Bref, veuillez juger par vous même de l'intérêt que peut développer le point de départ de cette histoire qui est montée et montrée à hauteur d'homme :

Lou Bloom est un individu plutôt assez looser et souffrant d'un comportement passablement borderline et froid, en outre, cet état mental entrainerait qu'il n'arrive pas à percer professionnellement à Los Angeles malgré son indéniable intelligence.

Car il faut le reconnaitre, si Lou Bloom est quelqu'un de psychologiquement et de radicalement détaché, s'avérant calculateur en toutes circonstances, et dépourvu de toute trace d'empathie pour ses semblables - , en contre-partie, ce gars "quelconque" s'avère être toujours très précis (jusqu'à être maniaque), mais aussi persévérant, méthodique, consciencieux, attentif et curieux de tout...

Sans posséder aucun diplôme, Lou se révèle être un autodidacte efficace, appliqué, scrupuleux et tenace en toutes circonstances, dont toutes les connaissances théoriques proviennent de ses nombreuses lectures effectuées sur Internet, motivées par sa curiosité naturelle. Sur ce point, les contenus de ses lectures sont toujours exploités et déballées avec calme et conviction, devant ses interlocuteurs souvent impressionnés, par sa pensée méthodique, analytique et claire...

Lors d'un soir de misère et de frustration sociale ressemblant à tous les autres soirs de son existence, Lou devient par hasard le témoin d'un accident de la route où sous ses yeux, des policiers tentent de sauver la vie d'une automobiliste gravement accidentée - pourtant, face à ce spectacle héroïque... Lou semble être seulement fasciné par la présence des cameramen - travaillant pour le journal TV d'une chaine de Los Angeles - qui tentent de capturer des images chocs en se faufilant entre les pompiers et la police qui s'agitent - à ce moment précis, Lou décide de la direction spectaculaire mais dramatique, que prendra son avenir :

Il sera cameraman, chasseur d'images chocs et tragiques...

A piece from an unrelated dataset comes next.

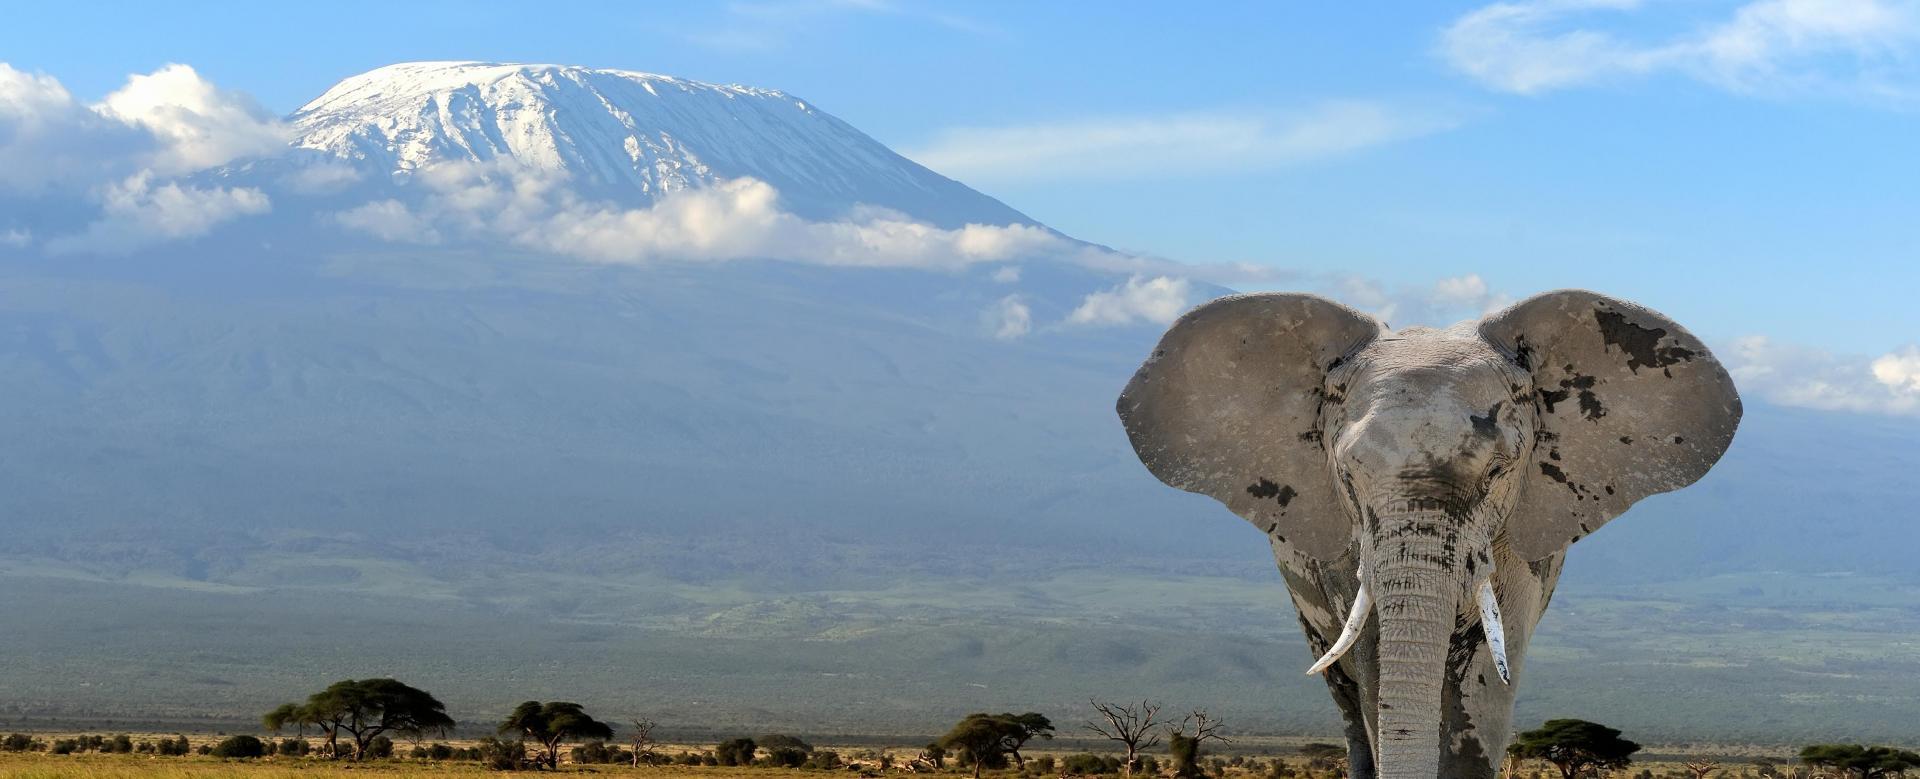 Voyage à pied : Kilimandjaro : voie machame et big five
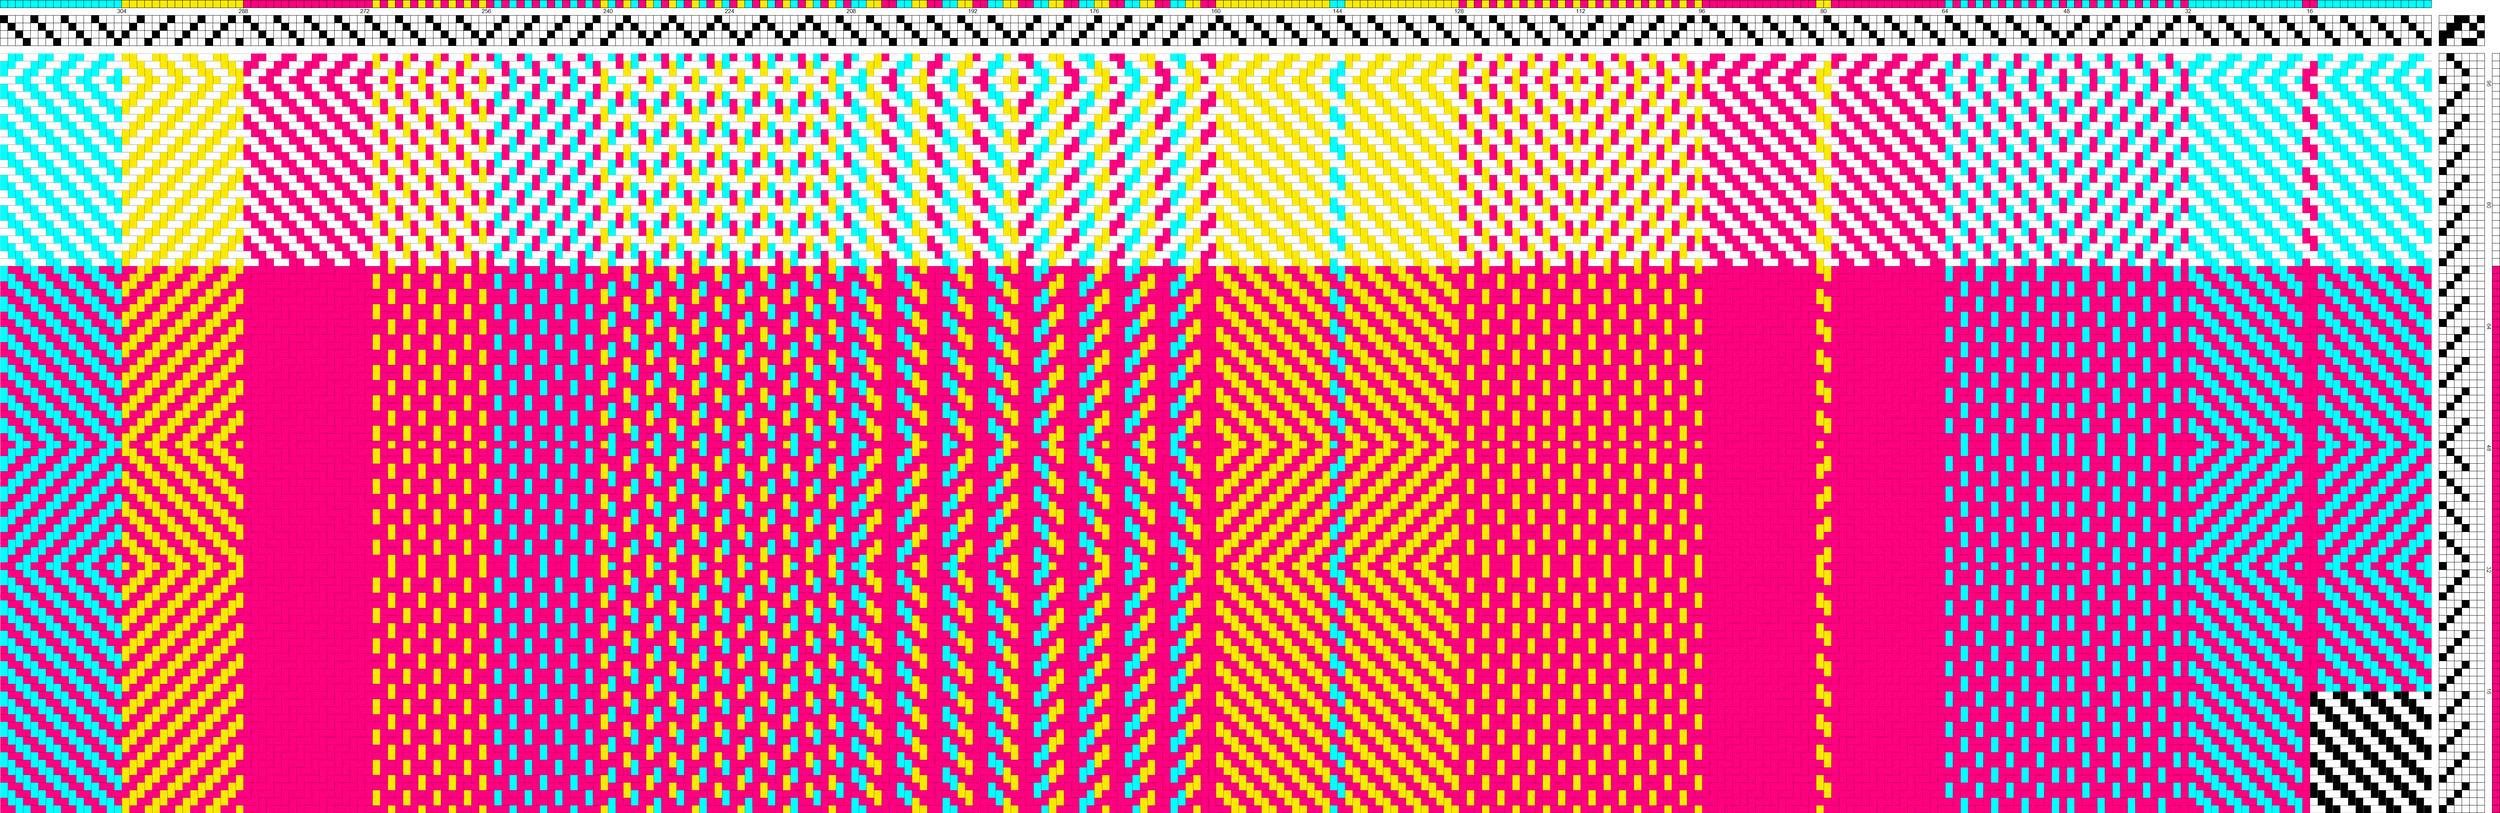 weavinglabCMYK_2.png

Accrochez vos ceintures, cramponnez-vous à vos accoudoirs et préparez-vous pour un décollage vertical vers les hautes cimes de la dégueulasserie de l'arrivisme sauvage et aveugle, car ce film coup de poing et électrique, ne ménage à aucun moment les nerfs ou le sens moral du spectateur, qui assiste médusé, à l'ascension fulgurante de cet individu aussi dangereux et néfaste qu'il est parfaitement méthodique et minutieux, car sa principale caractéristique mentale consiste à demeurer parfaitement insensible et psychologiquement détaché devant la souffrance et l'agonie qu'il filme avec avidité...

En effet, dans un parfait crescendo dramatique et stressant pour le spectateur, le scénario sait mettre en place un certain nombre de cas de figures, pour montrer concrètement que ce genre d'individu se révèle très dangereux et littéralement destructeur pour le commun des mortels car l'esprit maniaque de ce pur anti héros issus du bestiaire urbain du "rêve américain", finit par évoluer sous nos yeux , en une forme aigüe de sociopathie spectaculaire !...

Évidemment, il est essentiel de comprendre que la psyché malade du personnage impitoyable et quasi aliéné de Lou, correspond à une représentation symbolique de la "psyché de groupe", qui habite empiriquement le milieu agité et calculateur de ce type de profession régie par les lois de l'audimat, en liant dans des relations parfois tendues, producteurs tyranniques, journalistes exigeants, speakeurs narcissiques, et vidéastes dénués de toutes éthiques morales (!) - et ce faisant, la psyché tordue de ce personnage fictif, sert aussi de prétexte afin d' autopsier et de décortiquer certains rouages culturels féroces caractérisant la société américaine, qui se retrouve dès lors, placée sur un grille crépitant, car "Night Call" ne recule pas à mettre le paquet, pour corser son récit tendu de bout en bout comme un filin d'acier, afin de mieux révéler aux ciné-spectateurs, que la principale finalité sociale de l'univers de "l'info télévisée américaine", ne consisterait absolument pas à informer le public, mais davantage, à l'abreuver d'images chocs jusqu'à provoquer une pure nausée ou une certaine dépendance malsaine, car selon une certaine loi du marché, établie entre l'offre de l'image brutale et de la demande voyeuriste, plus une image est choquante, et plus elle sera vendeuse vis à vis de la clientèle de la middle class américaine, nourrie à ce type d'anti info pourtant spectaculaires !...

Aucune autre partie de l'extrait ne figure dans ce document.